Simulated MEG sensor waveforms with different levels of real brain noise and the reconstructed source time-courses. Colum 1: MEG sensor waveforms with brain-noise Levels 1–3. The associated number of trials for averaging was 125 (Level-1), 14 (Level-2), and 3 (Level-3), respectively. Column 2: reconstructed source time-courses from Fast-VESTAL. Column 3: from Standard-VESTAL. Column 4: from beamformer.
For all three conditions with real brain noise, the upper-right panel in Table 1 lists the PVE relative to the ground-truth source time-courses using the source time-courses that were reconstructed from Fast-VESTAL, Standard-VESTAL, and the beamformer solution. All values are lower than the corresponding white-noise conditions, especially for the brain-noise Level-3. Fast-VESTAL showed the highest PVE, followed by Standard-VESTAL and the beamformer solution. The middle-right panel in Table 1 lists the inter-source correlation PVE values for the signal with three levels of real brain noise. FAST-VESTAL showed the highest ICC PVE, with values above 95% for Levels 1 and 3, but only 60.2% for Level-3. This contrasted with the moderate ICC PVE values from Standard-VESTAL and the notably low values from the beamformer solution.
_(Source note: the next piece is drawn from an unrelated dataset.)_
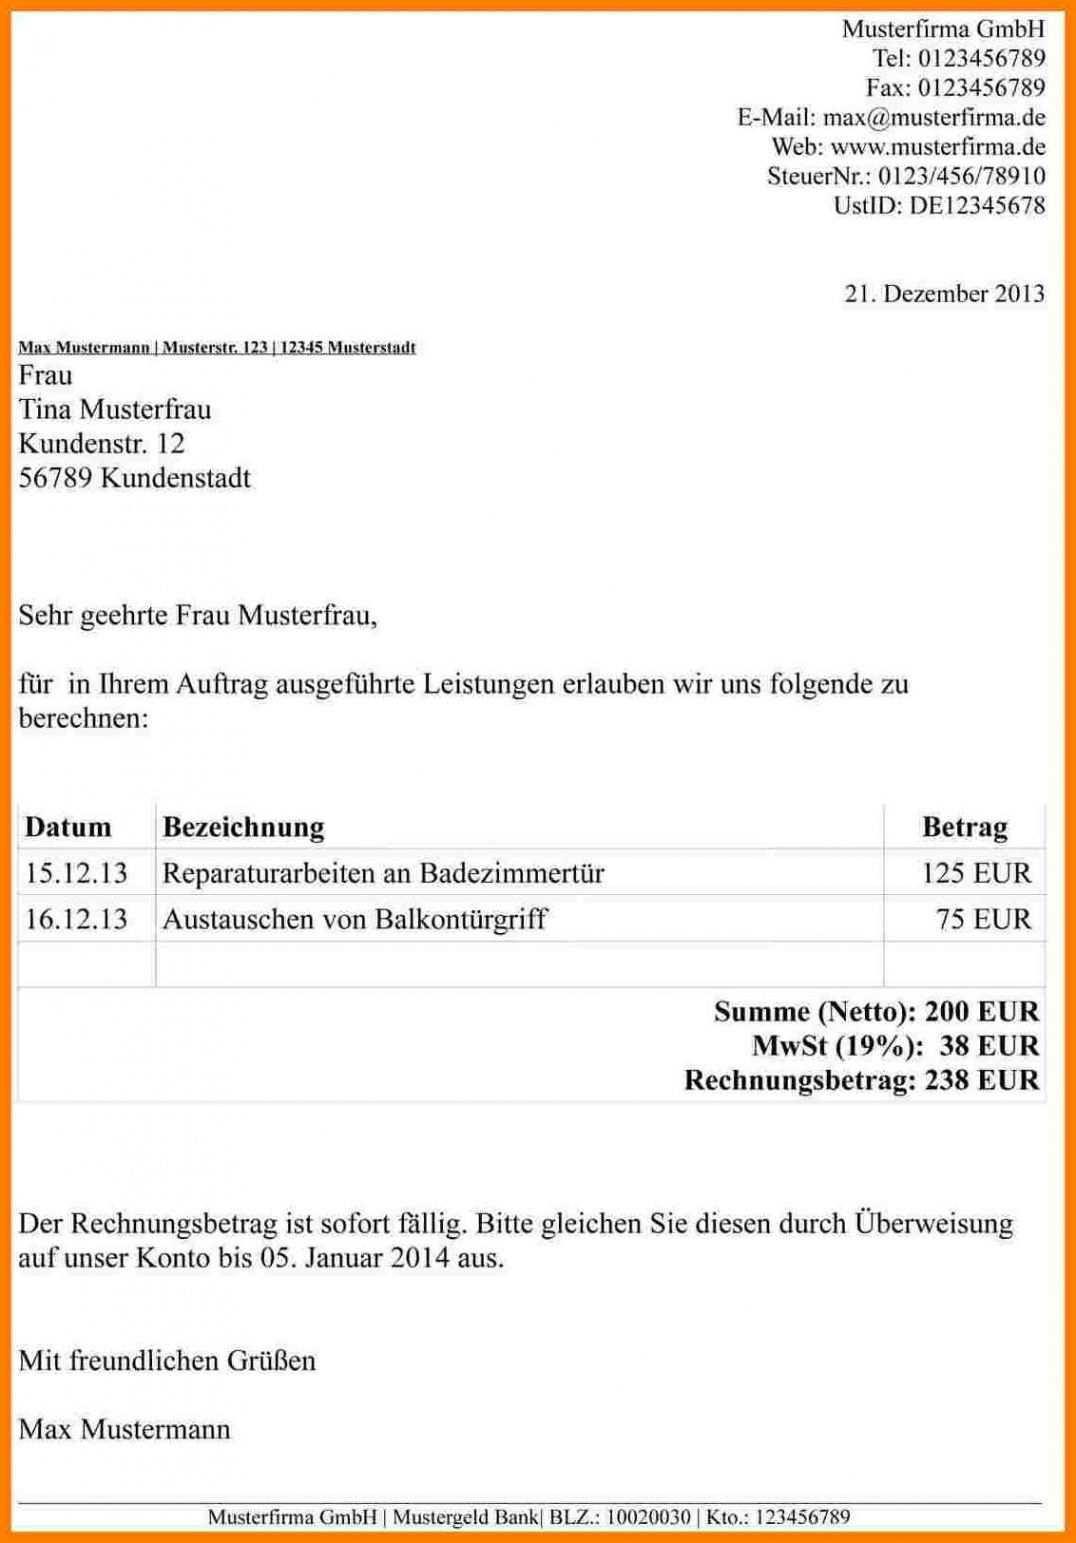 Blattern Unsere Das Beispiel Von Coaching Rechnung Vorlage Rechnung Vorlage Vorlagen Word Rechnungsvorlage

Source Orientation Reconstruction
The bottom panel of Table 1 lists the errors in source orientation for each solution. Orientation errors were calculated for the center voxel with the strongest activities within 10 mm from the true source locations. The source-orientation parameters were obtained accurately by Fast-VESTAL for the simulated data. For white and brain-noise Levels 0–2, the orientation errors were less than 10 degrees. The largest error in source orientation was 18.5 degrees for brain-noise Level-3 condition. Orientation errors from Standard-VESTAL and beamformer solutions were also reasonably small, but somewhat larger than those from Fast-VESTAL.
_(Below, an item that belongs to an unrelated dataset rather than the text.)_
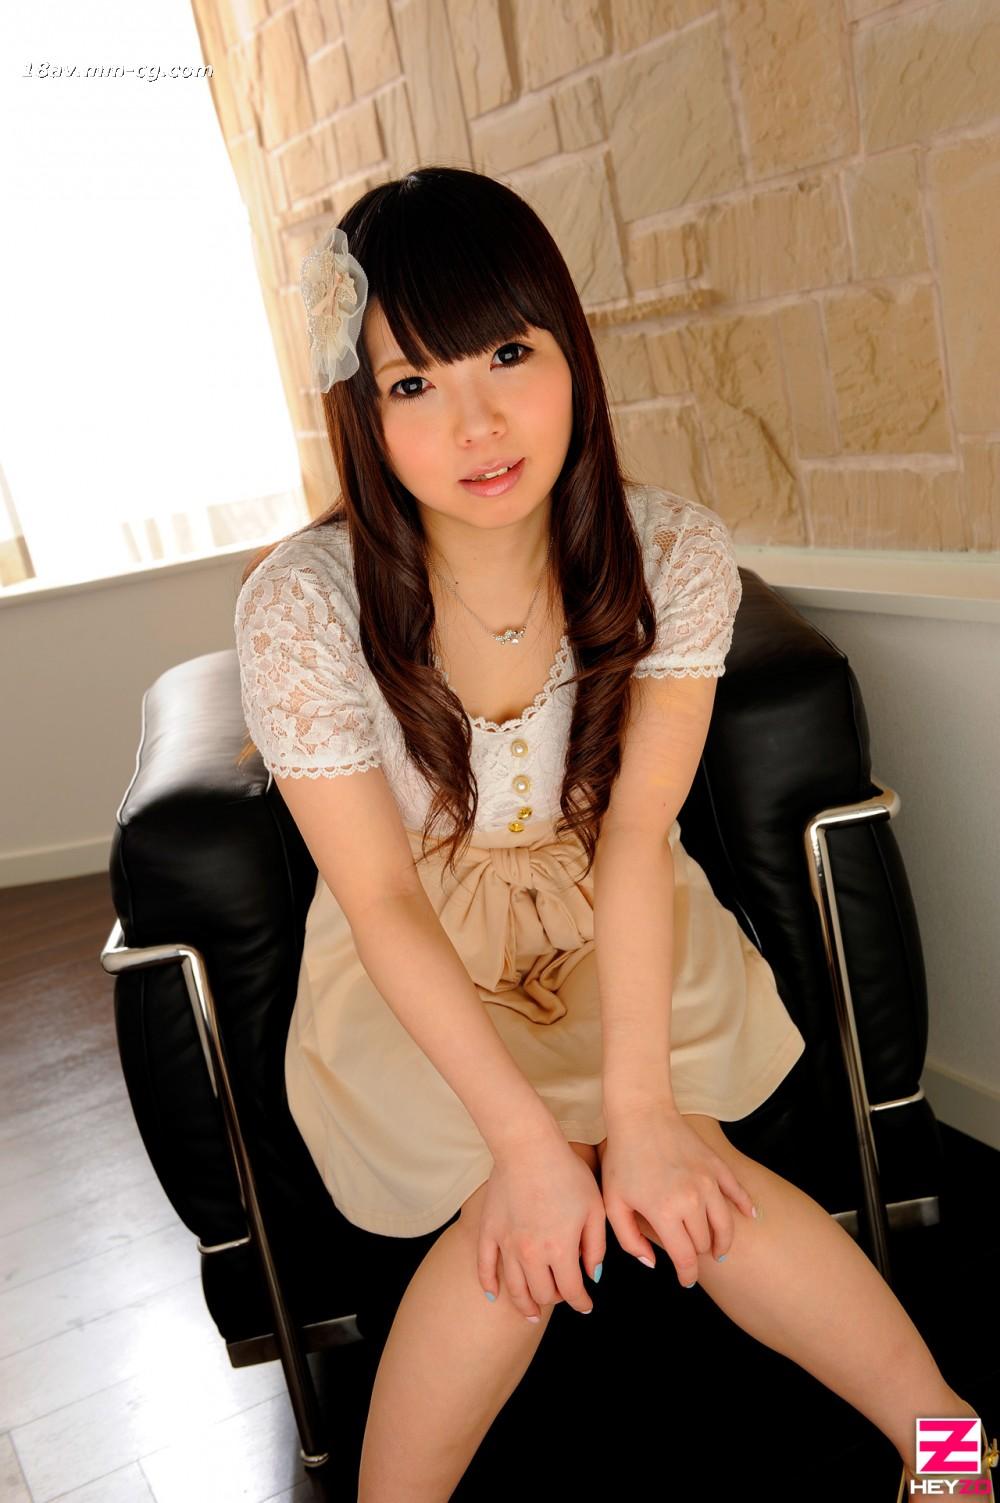 最新heyzo.com 0526 M娘 草刈 Amo

Cutoff of the Singular Values in the Gain Matrix in Fast-VESTAL
The number of dominant singular values in SG was set to 80 in Eq. (4) and all other smaller singular values in SG were set to be zero. Figure 8 plots the normalized error of the Fast-VESTAL-predicted MEG sensor waveforms over the ground truth, as a function of the singular value cut-off in SG. In all three conditions with different white-noise levels, the errors of prediction reached the saturation level ~80.
Figure 8.
Normalized error of the Fast-VESTAL predicted MEG sensor waveforms over the ground truth, as a function of the singular value cut-off in the gain matrix. In all three conditions with different white-noise levels, the errors of prediction reach the saturation level ~80.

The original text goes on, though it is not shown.